Litigants’ privacy interests in social media posts
In Florida, there are several types of damages an injured person may be able to recover from the responsible party. Pain and suffering damages is one aspect of these damages. Since pain and suffering damages are intangible, to determine the extent of these damages in a personal injury case, jury examines the quality of the injured person’s life before and after the accident.
A photograph is worth a thousand words – there is no better depiction of the injured person’s life before and after the accident than the photographs he or she shared through social media. Such photographs could be a very powerful tool for defense lawyers to attack pain and suffering damages in the lawsuit when the quality of life pre-accident and after the accident has not changed. As a result, social media sites can provide a “treasure trove” of information in litigation.
Therefore, the defense attorney frequently request production of the injured person’s social media materials. Permissible scope of discovery in litigation in Florida is broad. Any matter that is relevant to the litigation may be discoverable, including any materials posted on Facebook. As a recent Florida case Nucci v. Target, 40 Fla. L. Weekly D166a (Fla. 4th DCA January 7, 2015) reiterates, there is no absolute expectation of privacy on Facebook for personal injury claimants. If the defense attorney is able to demonstrate that the relevance of the photographs posted on Facebook overwhelms the minimal privacy interest the injured person may have in them, the court has broad discretion to allow production of Facebook photographs.
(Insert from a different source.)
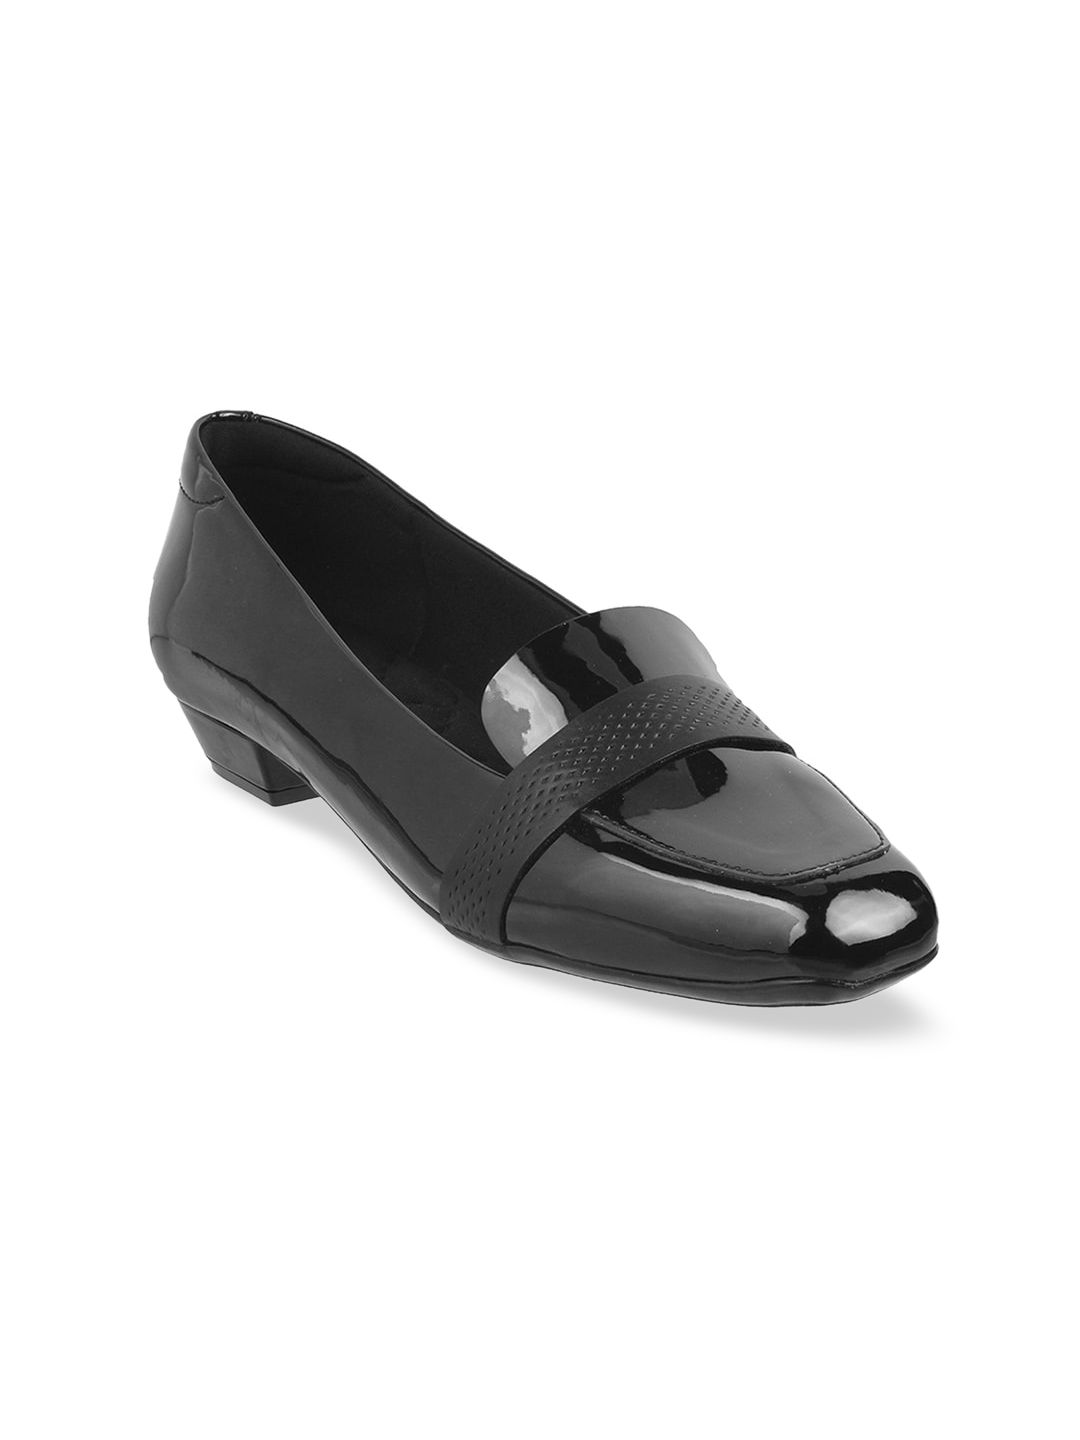 Mochi Women Black Solid Pumps Price in India

It is true that the Florida Constitution expressly protects an individual’s right to privacy. However, before the right to privacy attaches, there must exist a legitimate expectation of privacy. There are several case precedents establishing that generally, the photographs posted on social networking sites are neither privileged nor protected by any right of privacy, regardless of any privacy settings that the user may have established. Because information that an individual shares through social networking sites like Facebook may be copied and distributed by another, the expectation that such information is private is not a reasonable one.
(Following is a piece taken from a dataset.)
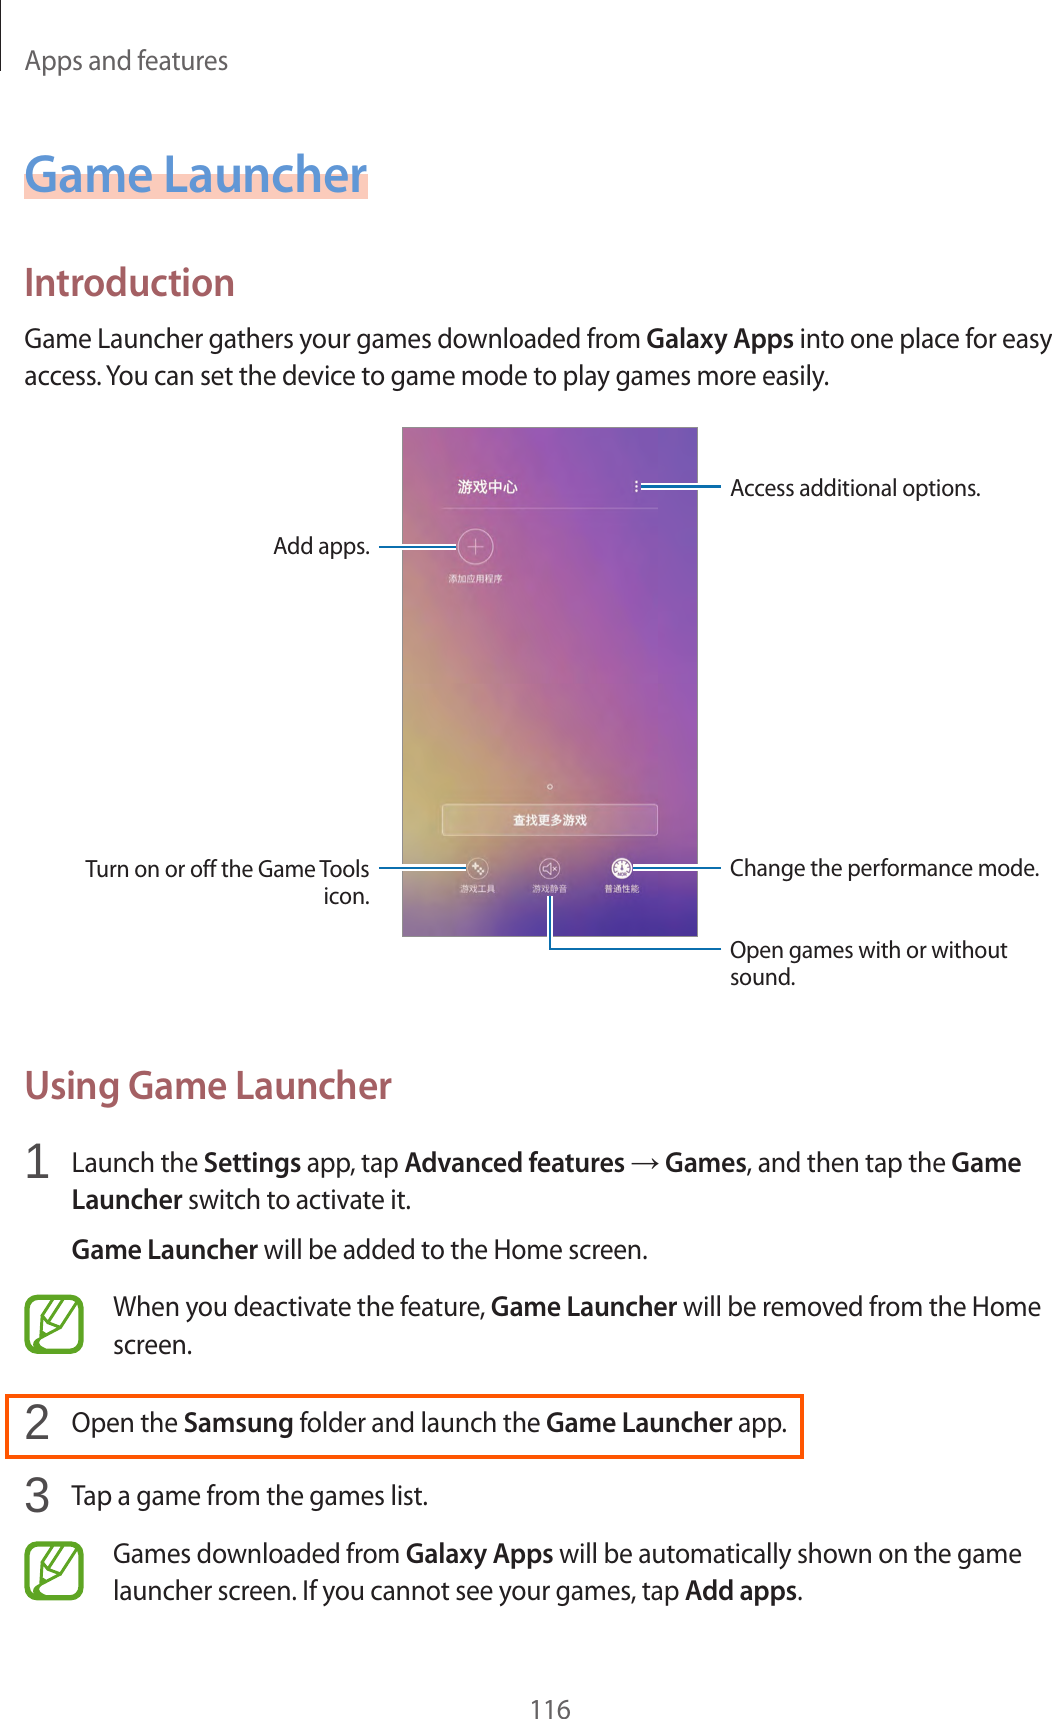 Apps and features116Game LauncherIntroductionGame Launcher gathers your games downloaded from Galaxy Apps into one place for easy access. You can set the device to game mode to play games more easily.Access additional options.Add apps.Open games with or without sound.Change the performance mode.Turn on or off the Game Tools icon.Using Game Launcher1  Launch the Settings app, tap Advanced features → Games, and then tap the Game Launcher switch to activate it.Game Launcher will be added to the Home screen.When you deactivate the feature, Game Launcher will be removed from the Home screen.2  Open the Samsung folder and launch the Game Launcher app.3  Tap a game from the games list.Games downloaded from Galaxy Apps will be automatically shown on the game launcher screen. If you cannot see your games, tap Add apps.

In fact, Facebook itself does not guarantee privacy. By creating a Facebook account, a user acknowledges that her personal information would be shared with others. Facebook also reserves the right to access, preserve and share the information in response to a legal request or to detect, prevent and address fraud and other illegal activity; to protect itself, the user and others, including as part of investigations; or to prevent death or imminent bodily harm.
The advice from our law firm to not just our personal injury clients, but to all social media users is to assume that everything you post on the Internet is a fair game for discovery in litigation. Do not be misled that by shielding your social media account with the highest privacy settings you can insulate your information from discovery in litigation.